However, intrinsics might not be the right choice in all situations:

  • More learning is required to use intrinsics, than to import a library or to rely on a compiler.

  • Hand-optimized assembly code might offer the greatest scope for performance improvement, even if it is more difficult to write.

For a list of all the Neon intrinsics, see the Neon intrinsics. The Neon intrinsics engineering specification is contained in the Arm C Language Extensions (ACLE).

The SVE intrinsics engineering specification is contained in the Arm C Language Extensions for SVE specification.

Example 1: Simple matrix multiplication with intrinsics

This example implements some C functions using Neon intrinsics and using SVE intrinsics. The example chosen does not demonstrate the full complexity of the application, but illustrates the use of intrinsics, and is a starting point for more complex code.

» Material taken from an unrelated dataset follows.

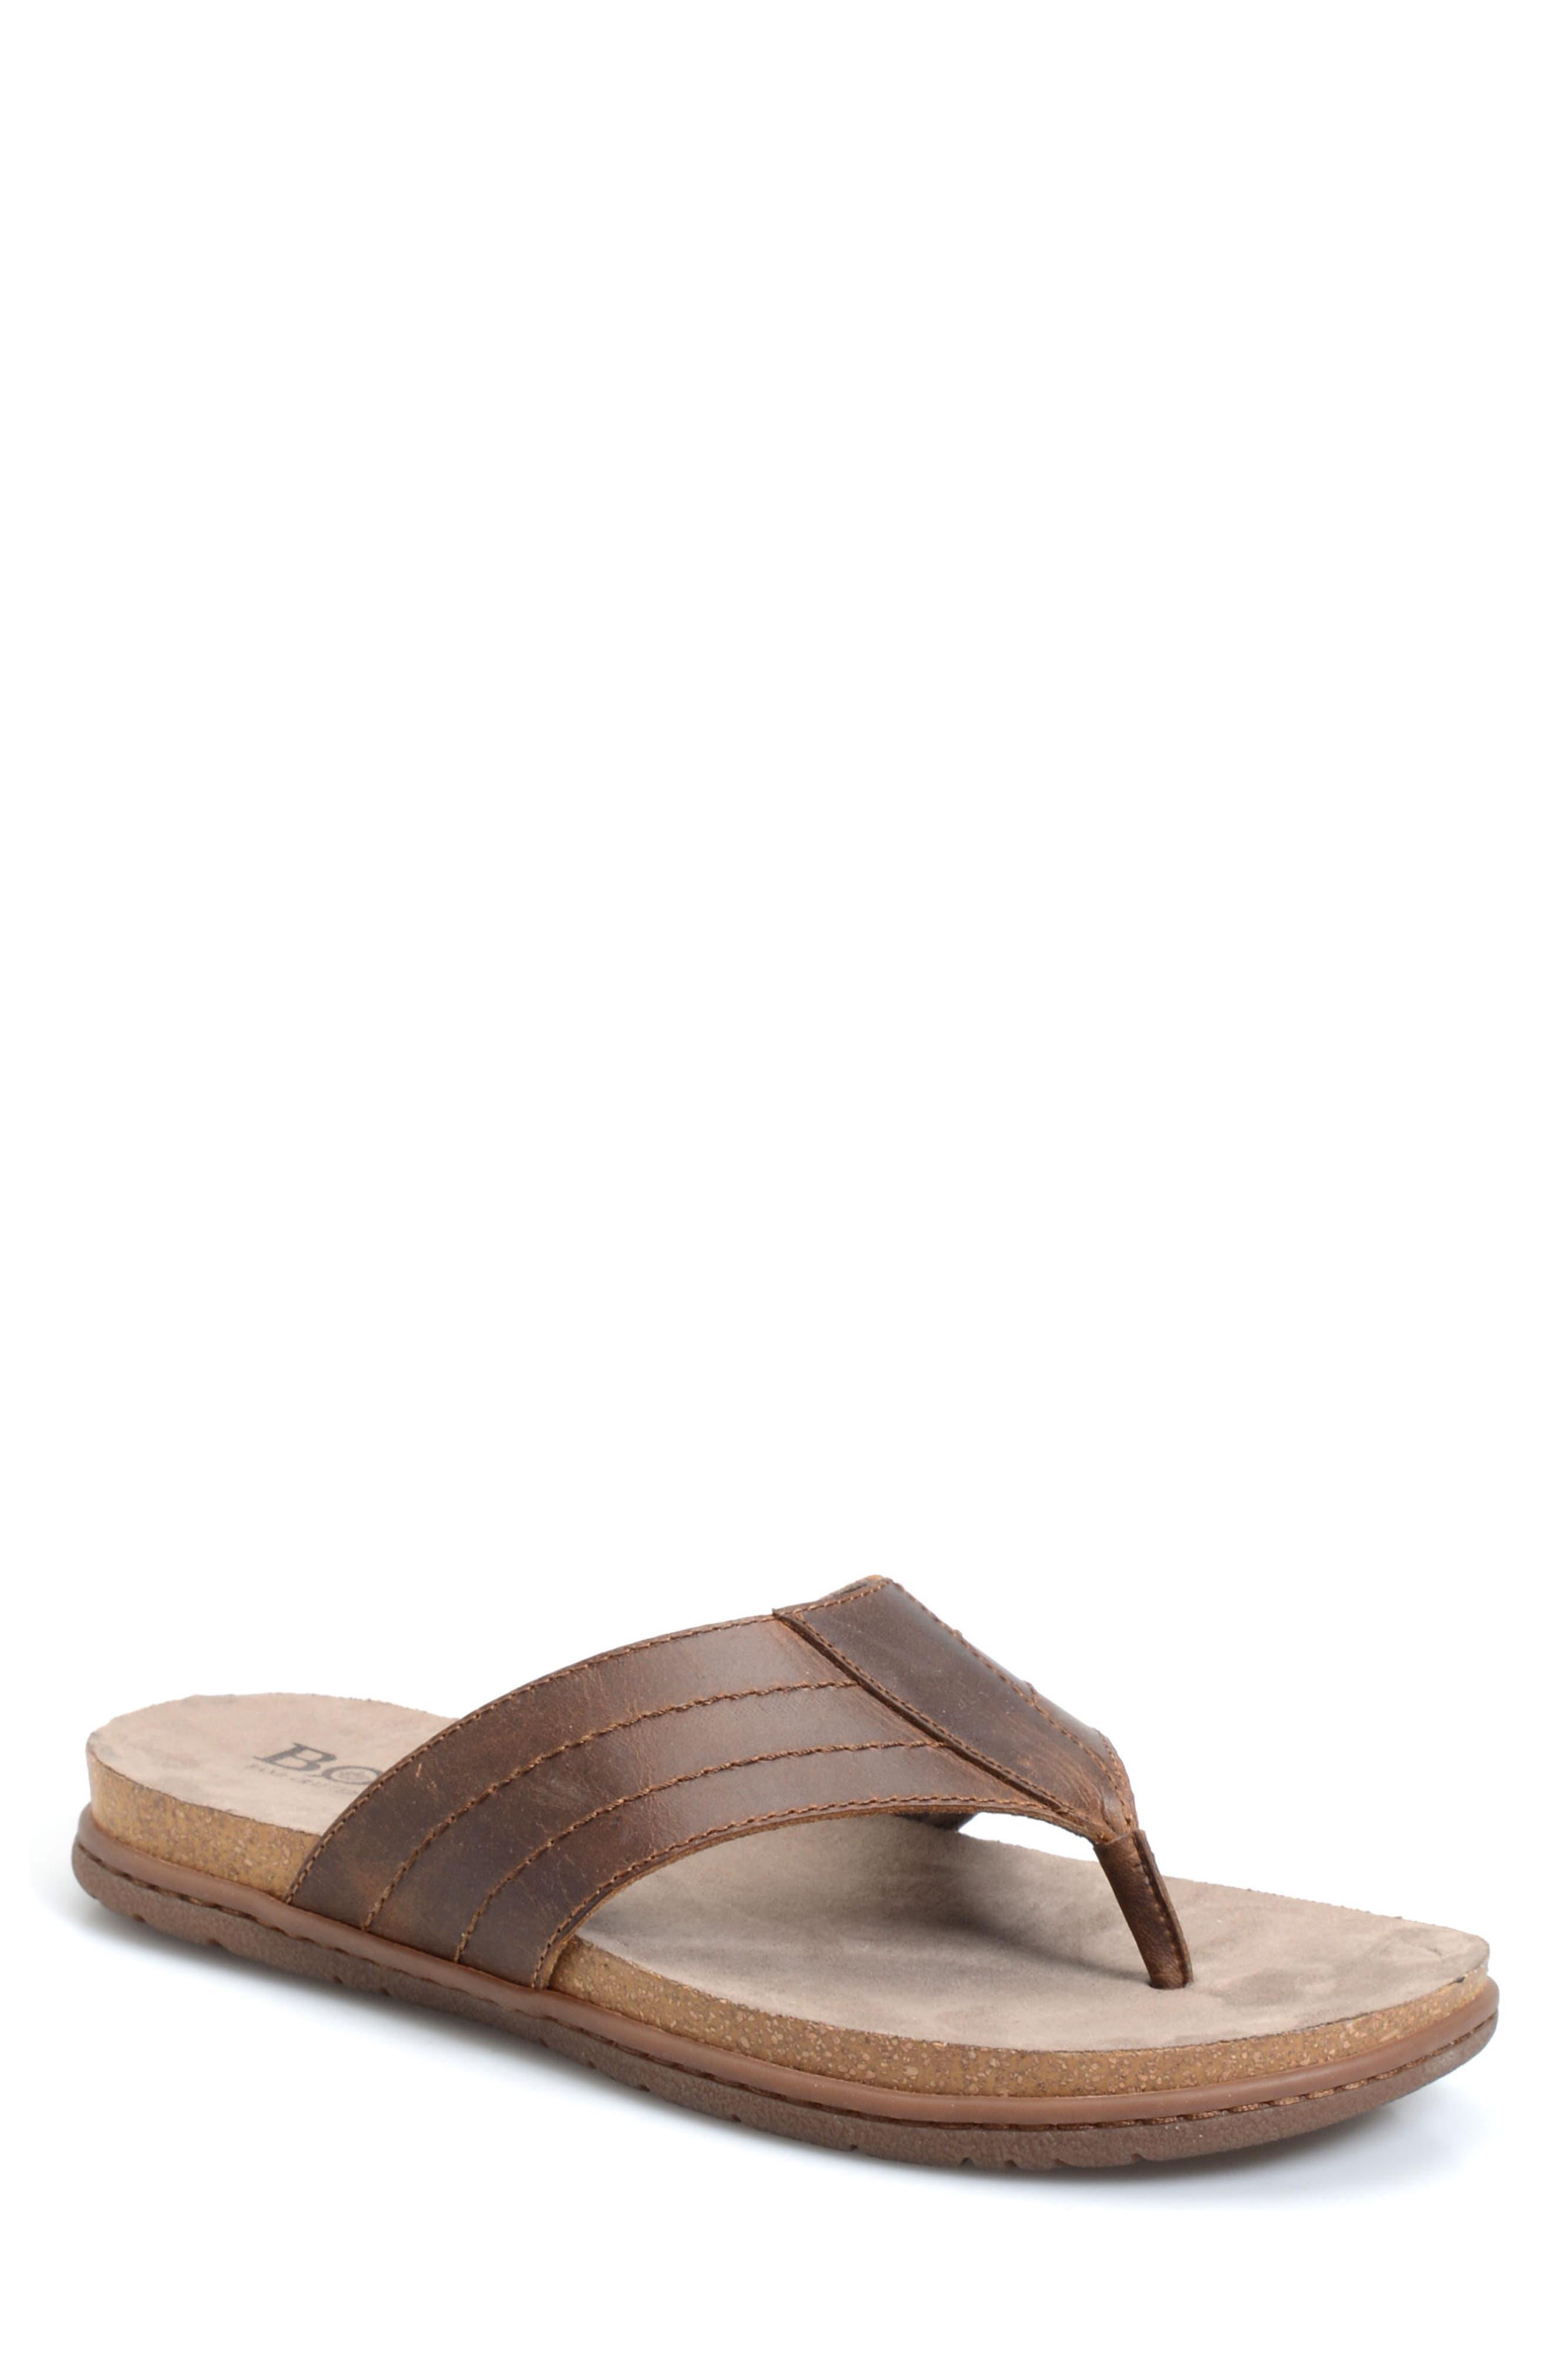 Palu Flip Flop,                         Main,                         color, Dark Brown

Matrix multiplication is an operation performed in many data intensive applications and consists of groups of arithmetic operations which are repeated in a simple way:

Matrix multiplication diagram

The matrix multiplication process is as follows:

  1. Take a row in the first matrix - 'A'

  2. Perform a dot product of this row with a column from the second matrix - 'B'

  3. Store the result in the corresponding row and column of a new matrix - 'C'

For matrices of 32-bit floats, the multiplication could be written as:

void matrix_multiply_c(float32_t *A, float32_t *B, float32_t *C, uint32_t n, uint32_t m, uint32_t k) {
    for (int i_idx=0; i_idx < n; i_idx++) {
        for (int j_idx=0; j_idx < m; j_idx++) {
            C[n*j_idx + i_idx] = 0;
            for (int k_idx=0; k_idx < k; k_idx++) {
                C[n*j_idx + i_idx] += A[n*k_idx + i_idx]*B[k*j_idx + k_idx];
            }
        }
    }
}

Assume a column-major layout of the matrices in memory. That is, an n x m matrix M, is represented as an array M_array, where Mij = M_array[n*j + i].

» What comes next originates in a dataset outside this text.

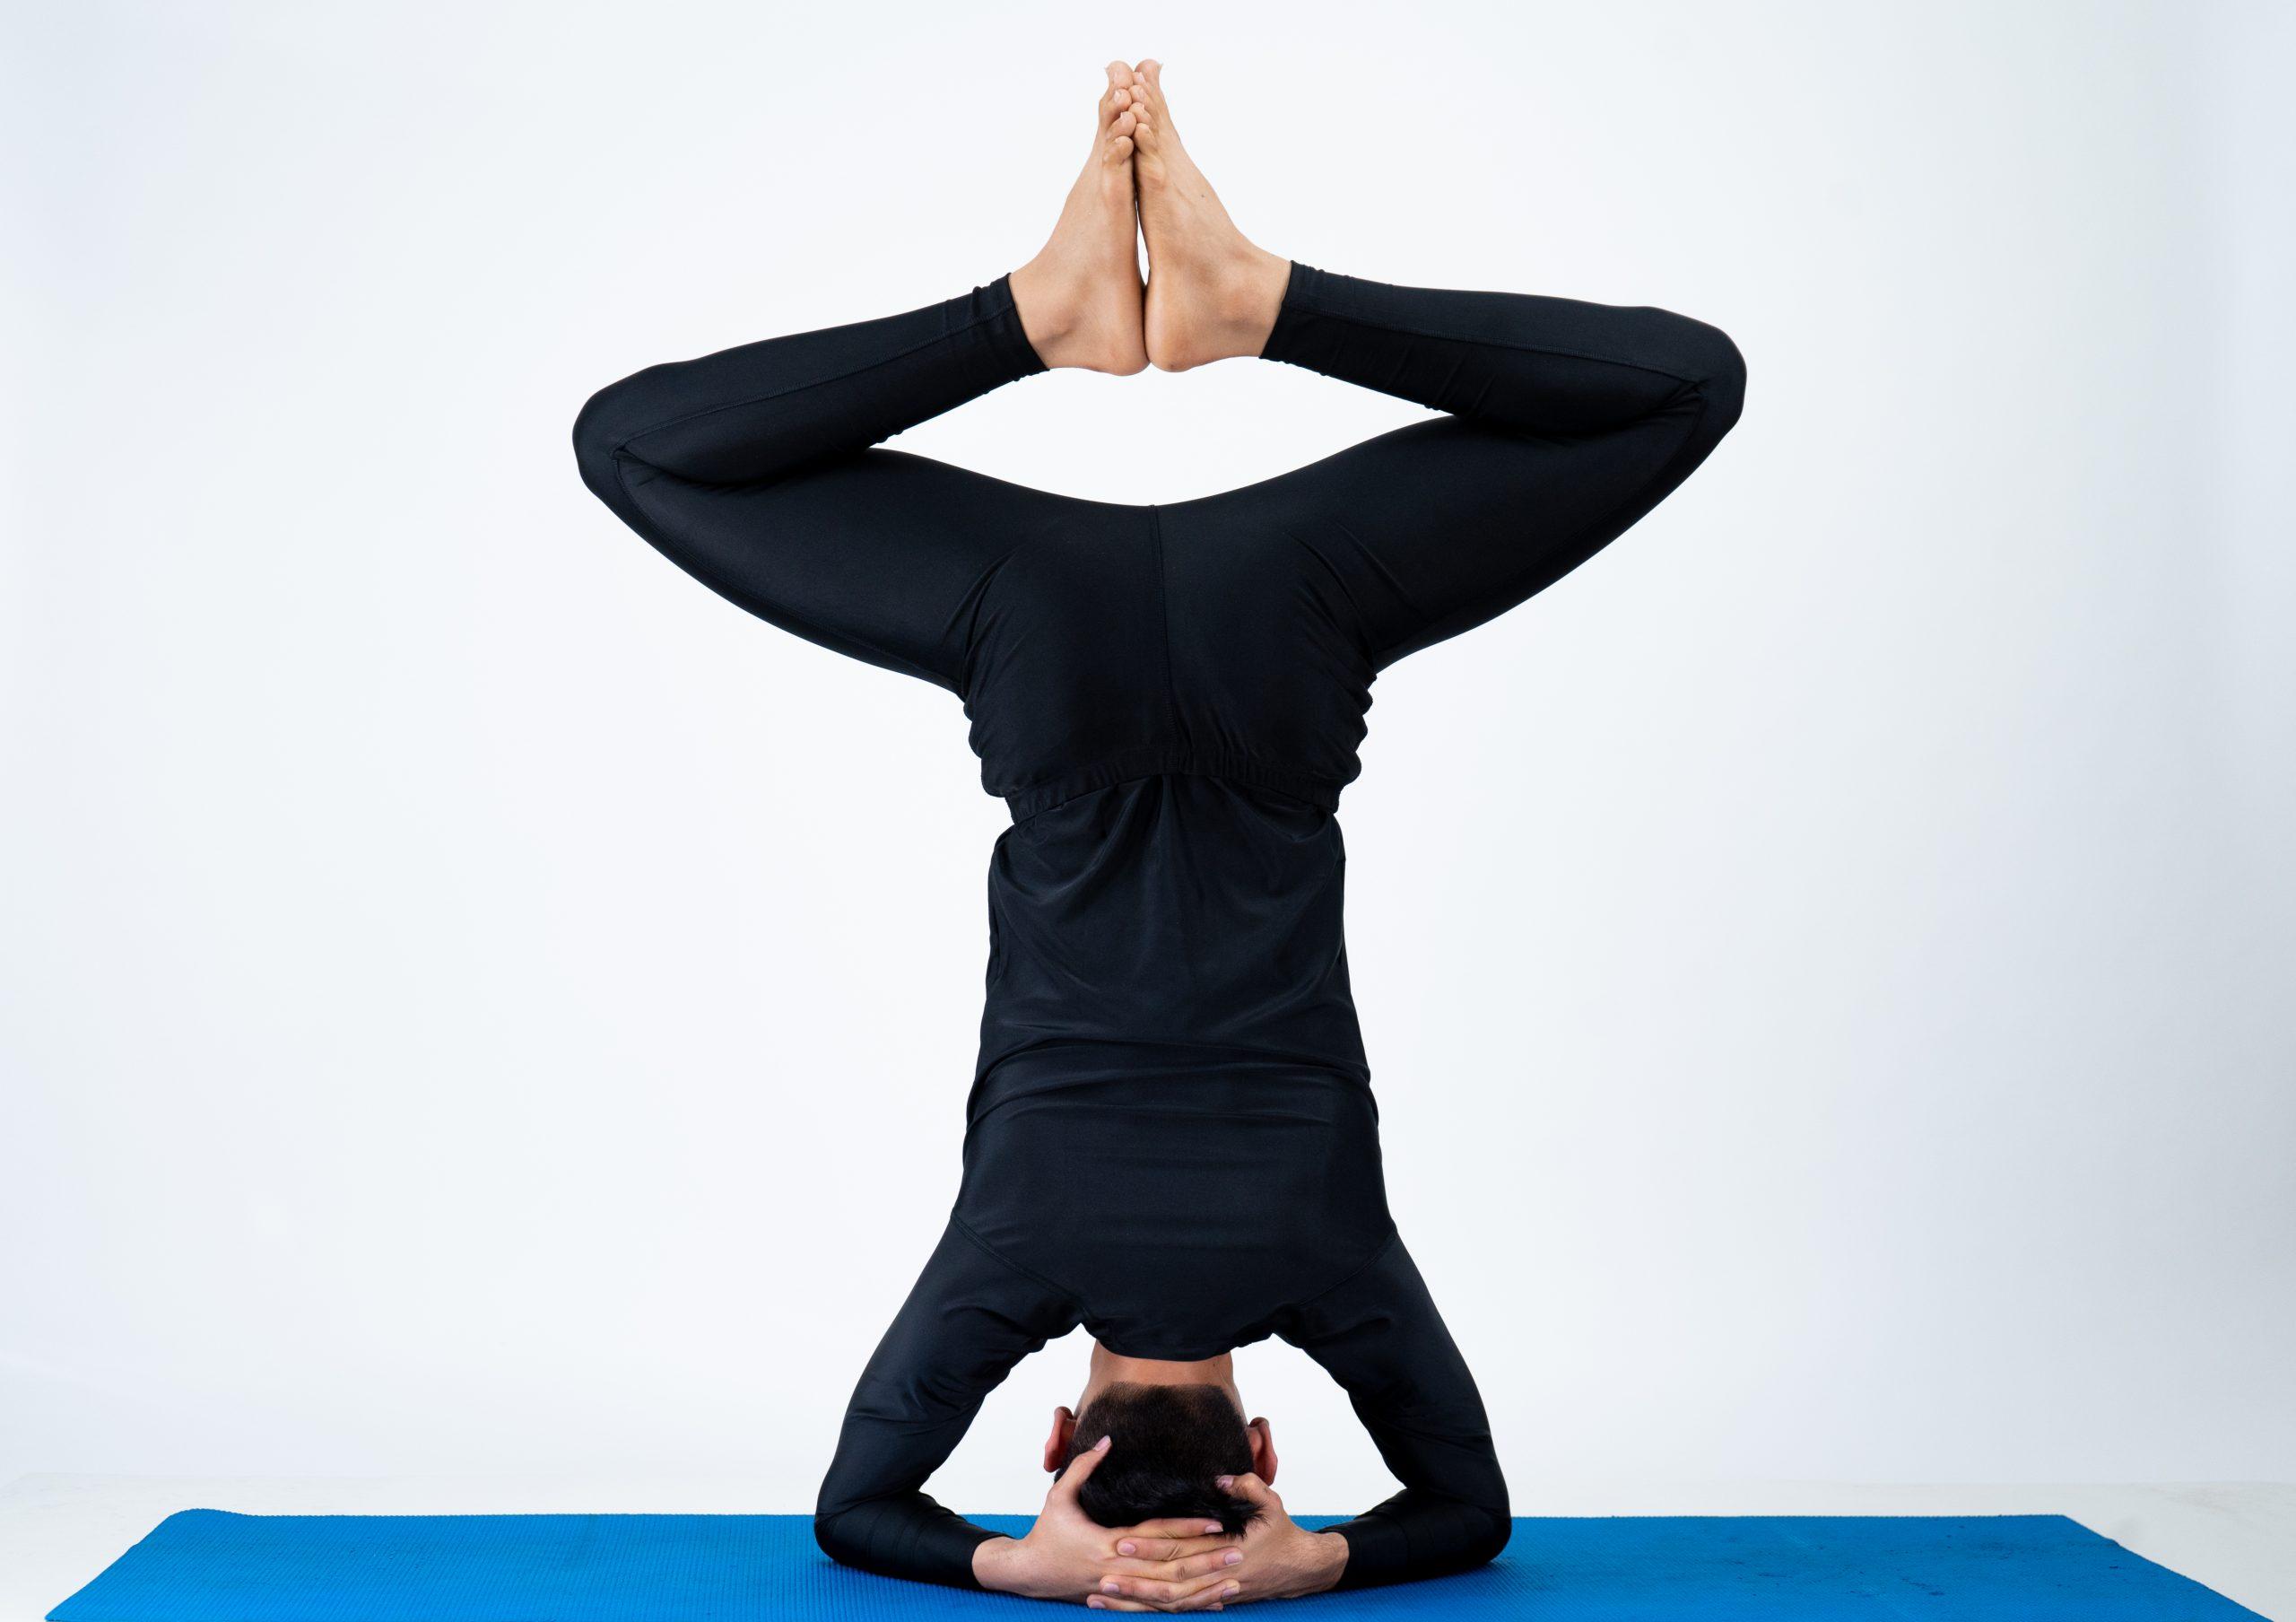 Baddha Kona Sirsasana (Bound Angle Headstand Pose)

This code is sub-optimal, because it does not make full use of Neon. Intrinsics can be used to improve it.

The following code uses intrinsics to multiply two 4x4 matrices. The loops can be completely unrolled because there is a small, fixed number of values to process, all of which can fit into the Neon registers of the processor at the same time.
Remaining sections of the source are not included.